On Tue, Mar 06, 2012 at 05:04:15PM +0100, Soares Chen wrote:

> Hi,
> 
> I am trying to write an Nginx module that receive input and produce
> output in streaming fashion over long lasting connection. Due to the
> nature of the connection, I can't wait for all the buffers to be
> reclaimed at the end of the request, as that would potentially cause
> high memory consumption to the server. As a result, I am looking for
> ways to determine if buffers sent through ngx_http_output_filter() are
> safe to be reused.
> 
> The problem:
> When ngx_http_output_filter() is called frequent enough with large
> buffers, it is possible that NGX_AGAIN would be returned, indicating
> that some buffers are retained somewhere in the output chain waiting
> to be sent later. This creates problem for buffer reuse because there
> is no way to know which buffers are being retained, and when the
> retained buffers will become free after being sent.

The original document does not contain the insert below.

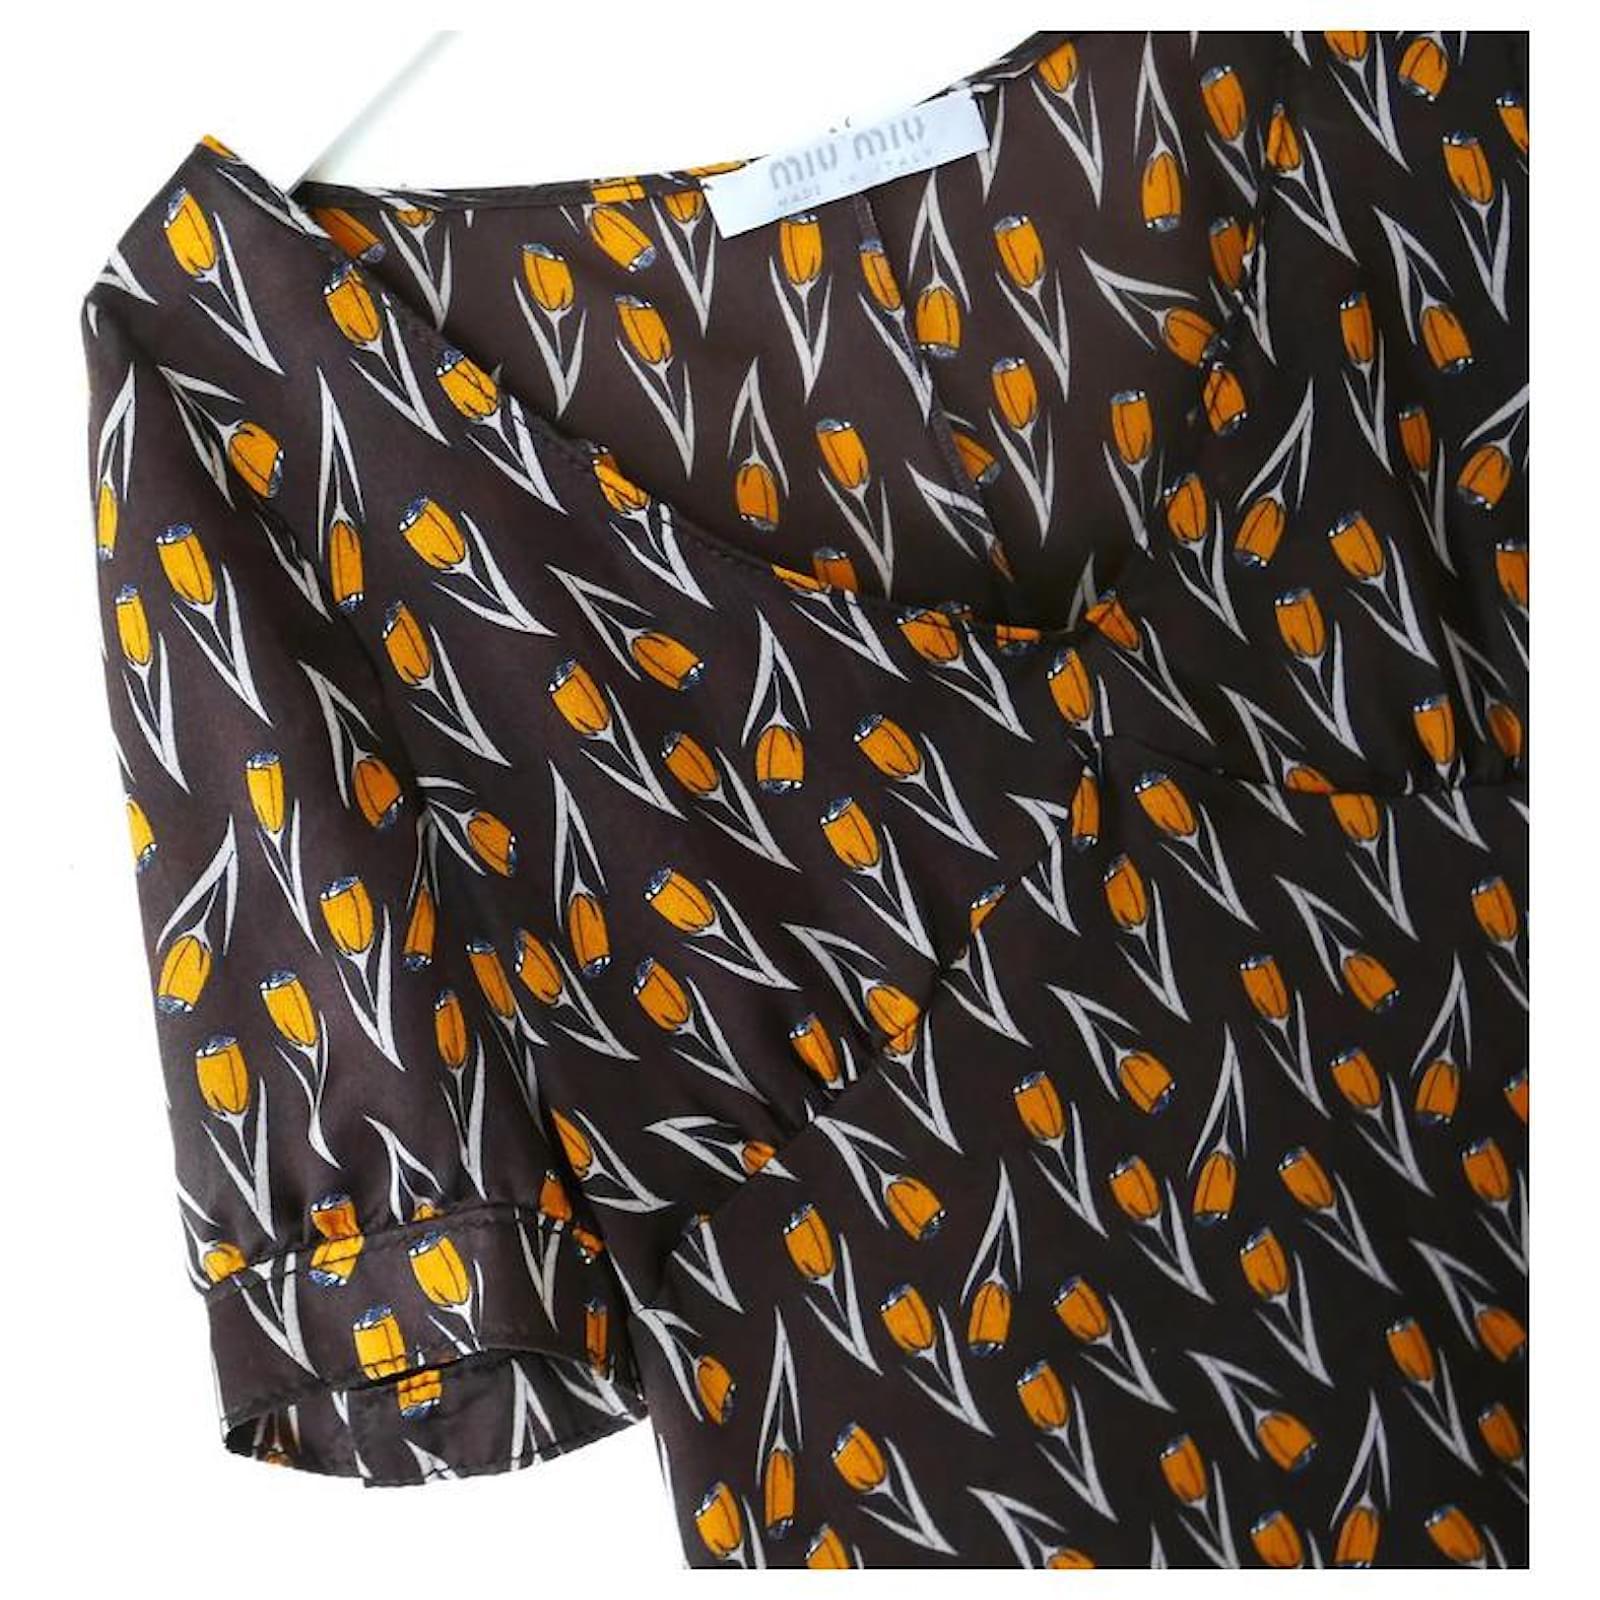 Super seltene, wunderschöne Miu Miu Vintage-Bluse aus der Fall 2000 Collection'S. I hervorragender Vintage-Zustand. Aus feinem, zartem braunem Crêpe de Chine aus Seide mit wunderschönem orangefarbenem Blumendruck. 
Es hat einen von den 1930er Jahren

I tried doing
> experiment of sending large amount of dynamic data through
> ngx_http_output_filter() and then immediately modifying the buffer
> data. What I found is that the data would become corrupted when
> NGX_AGAIN is returned.
> 
> 
> There are lack of documentation and resources about buffer reuse when
> I searched through the Internet. I also tried reading the source code
> but find most parts confusing even after days of studying. So I'd like
> to clarify a few clues that I found to determine if my understanding
> is correct. Following are the data structures and functions that I
> believe are related:
> 
> 
> #define ngx_free_chain(pool, cl)
> Unfortunately this function's name does not reflect that it does
> exactly. From my understanding it only recycles the ngx_chain_t object
> by placing the pointer into pool->chain. Even the ngx_buf_t object
> that cl->buf points to is completely ignored.
> 
> 
> ngx_chain_t* ngx_alloc_chain_link(ngx_pool_t *pool)
> This function only allocate the ngx_chain_t object and will try to
> reuse the chains that were freed by ngx_free_chain(). Because the buf
> pointer in the chain is ignored it is not safe to assume that the
> ngx_buf_t object and the buffer data can be reused.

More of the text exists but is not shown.